Bir örnek de biz verelim;
Türkiye’de meşhur Ergenekon ve Balyoz davaları ile onlara yamamaya çalışılan Devrimci Karargah davasındaki CD’lerin “delil”lerin kamuoyuna, savcılıklara nasıl ulaştığını herkes biliyor.
İyi saatte olsunlar mı, F Tipi mi, Altan’ın gazetesi “Taraf”a ulaştırıyor, Altanlar da “Taraf”sız bir şekilde yayımlıyordu.
1 hafta önce, ABD’nin en büyük siber suçlar konferansında, önemli dijital bilişim şirketlerinden Arsenal’in Başkanı Marx Spencer’in “Ergenekon ve Balyoz SOFİSTİKE bir dijital SAHTECİLİK” başlıklı sunumunda “… gerçek şu ki niyetini bozmuş ve teknik olarak yetkin düşmanlar, delillerle oynayarak, ulusların güç yapılarını değiştirebiliyor” diyor.
O, CD ve belgelerin ne kadarının sahte ve düzmece olduğu gazetelerde defalarca yazıldı.
Bunların halka yedirilebilmesi için, 6 eski genel yayın müdürünün bir proje olduğunu söylediği (Oral Çalışlar, kendisi de genel yayın müdürü idi) Altan’ın TARAF’ı gibi gazeteler ve Mehmet, Ahmet, Şahin, Ali gibi (kısaca M.A.Ş.A) diyelim -aman bu hakaret olarak algılanmasın sadece kısaltmadır. Çünkü arada noktalar var- gazeteciler gerekli idi.
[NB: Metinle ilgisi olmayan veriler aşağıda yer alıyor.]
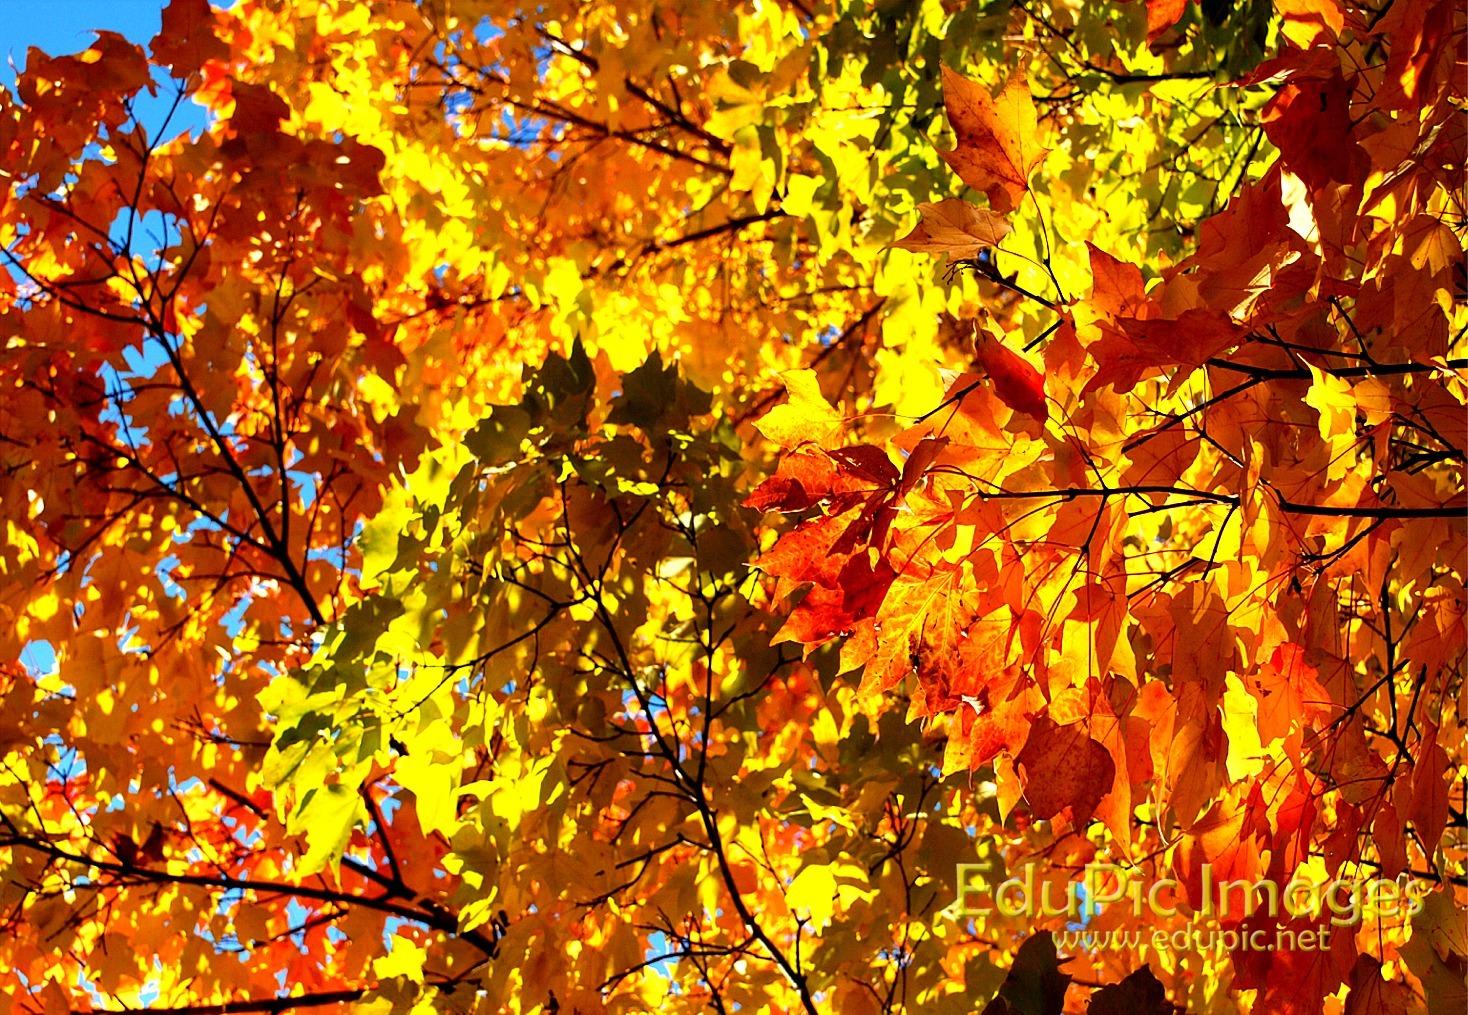 ... fall colors desktop 640 x 425 262 kb jpeg spots for fall colors 4000

O CD’ler sahte mi gerçek mi bir yana bırakalım. Altan “biz darbecilere karşı TARAFız” da diyebilir. Pekala… Ya o davalara yamanmaya çalışılan Devrimci Karargah davası? Sağı solu milletvekili, gazeteci, Polis Akademisi yetkilisi vs. olan birisi, o davada yargılananların siyasi kimliğini bilmez mi? Üstelik onlardan biri legal bir partinin genel başkanı, ikisi legal bir derginin çalışanı, sözcüsü olduğunu bangır bangır bağırırken, Altan etrafına iki telefon açıp gerçeği öğrenemez mi? Ama yapmaz.%99 içindeki gazeteci olmak böyle bir şey olmalı. Çünkü Altan’a göre “…gazeteciliğin en büyük ALÇAKLIĞI ve sahtekarlığı yayınladıkları değil, (bildikleri halde b.n.) yayınlamadıkları haberlerde saklıdır.”
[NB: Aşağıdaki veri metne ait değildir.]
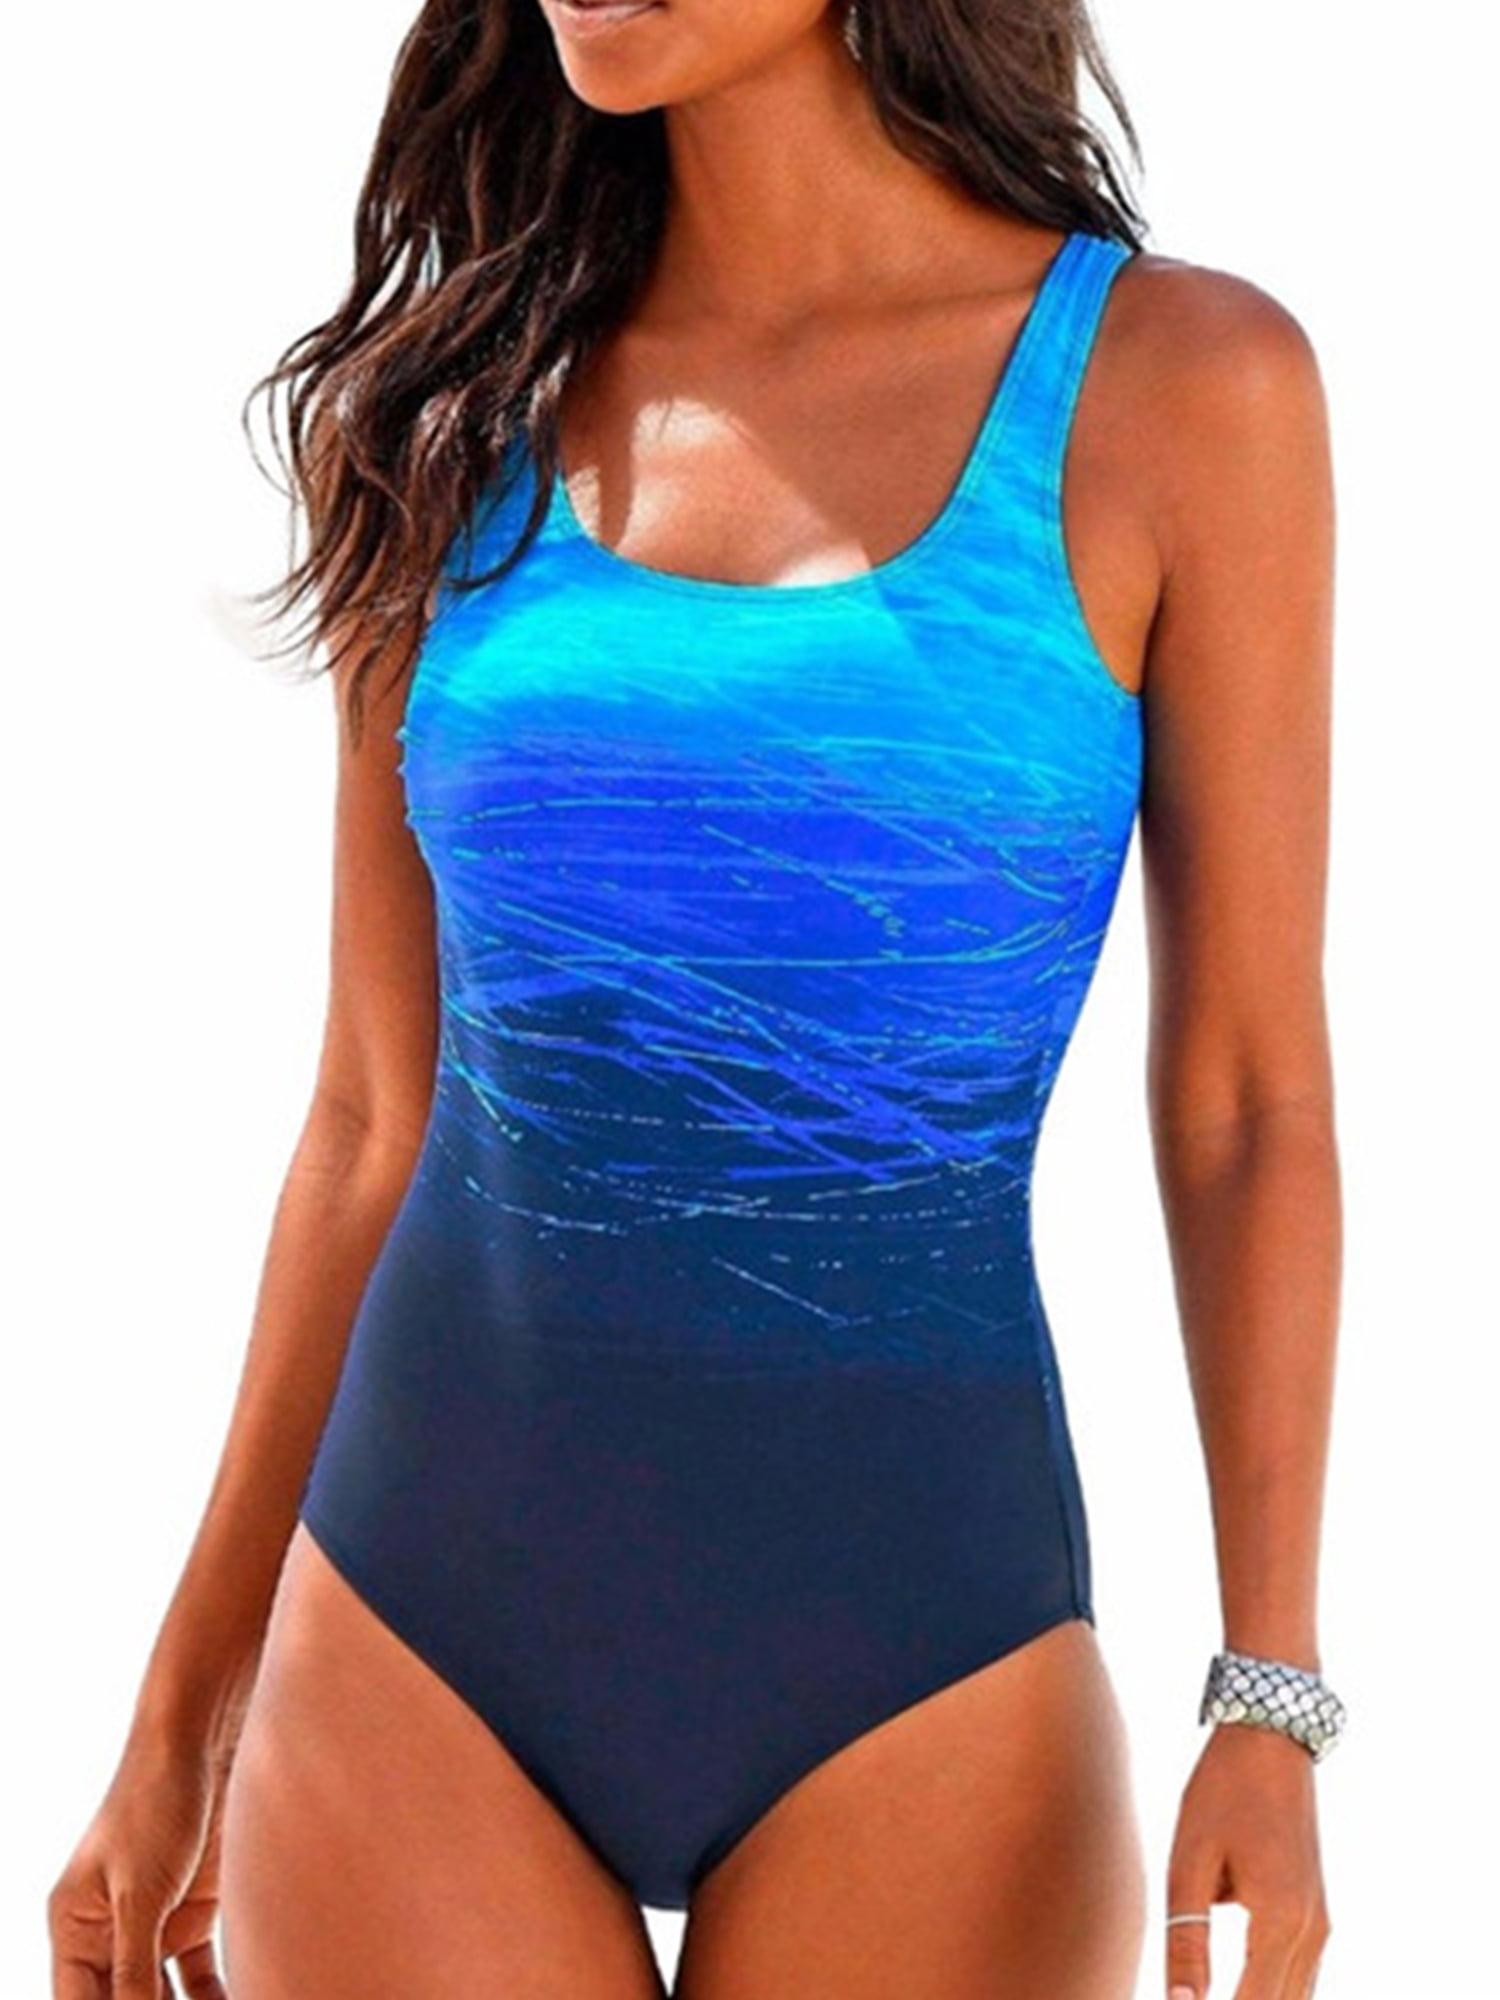 Womens Swimming Costume Padded Monokini Swimsuit Swimwear Push Up Bikini Bathing

Devam ediyor Altan; “Gazeteciliğin başındaki ikinci bela gazete patronlarıdır. Hem devletle, hem de ilan veren patronlarla iyi geçinmek isterler. İktidara karşı muhalefetten ve ilan verecekleri kızdıracak haberlerden hoşlanmazlar.” Neden hoşlansınlar ki? Onların amacı kar etmek ve iktidarlara yaranmak.
Ama bir zamanlar gazeteciliğe tipo el baskıları ile, entertip, rotatiflerle başlayıp iyi kötü kurumsallaşan mesleki ilkeleri ve etik değerleri olan gazete patronları da vardı.
Yeni döneme ayak uyduramadılar. Artık gazeteciler sadece gazetecilikle değil, her tür ticaret, sanayi ve yatırımla uğraşmalıydı.
Ne demişti A. Altan? “Ekonomi tamamen özelleşmeli ve liberalleşmeli, döneme ayak uyduramayan verimsiz işletmeler kapanmalı, kamu işletmeleri tasfiye edilmeli, devlet elinde ne varsa, üçe-beşe bakmadan satılmalıdır. Devlet manav, bakkal değildir. Bu işletmeler yan gelip yatma yeri değildir (tekel işçileri için söylemişti ), üstelik rüşvet ve yolsuzlukla siyaseti kirletiyorlar. Siyaset rüşvet, irtikap, para ilişkisine dönüyor.” Hatta liberal fikirdaşı M. Barlas, büyük bir orman yangını sonrası hızını alamayıp, “orman yangınlarını önlemek için ormanları özelleştirmeliyiz” gibi dahiyane çözümler bulmuştu.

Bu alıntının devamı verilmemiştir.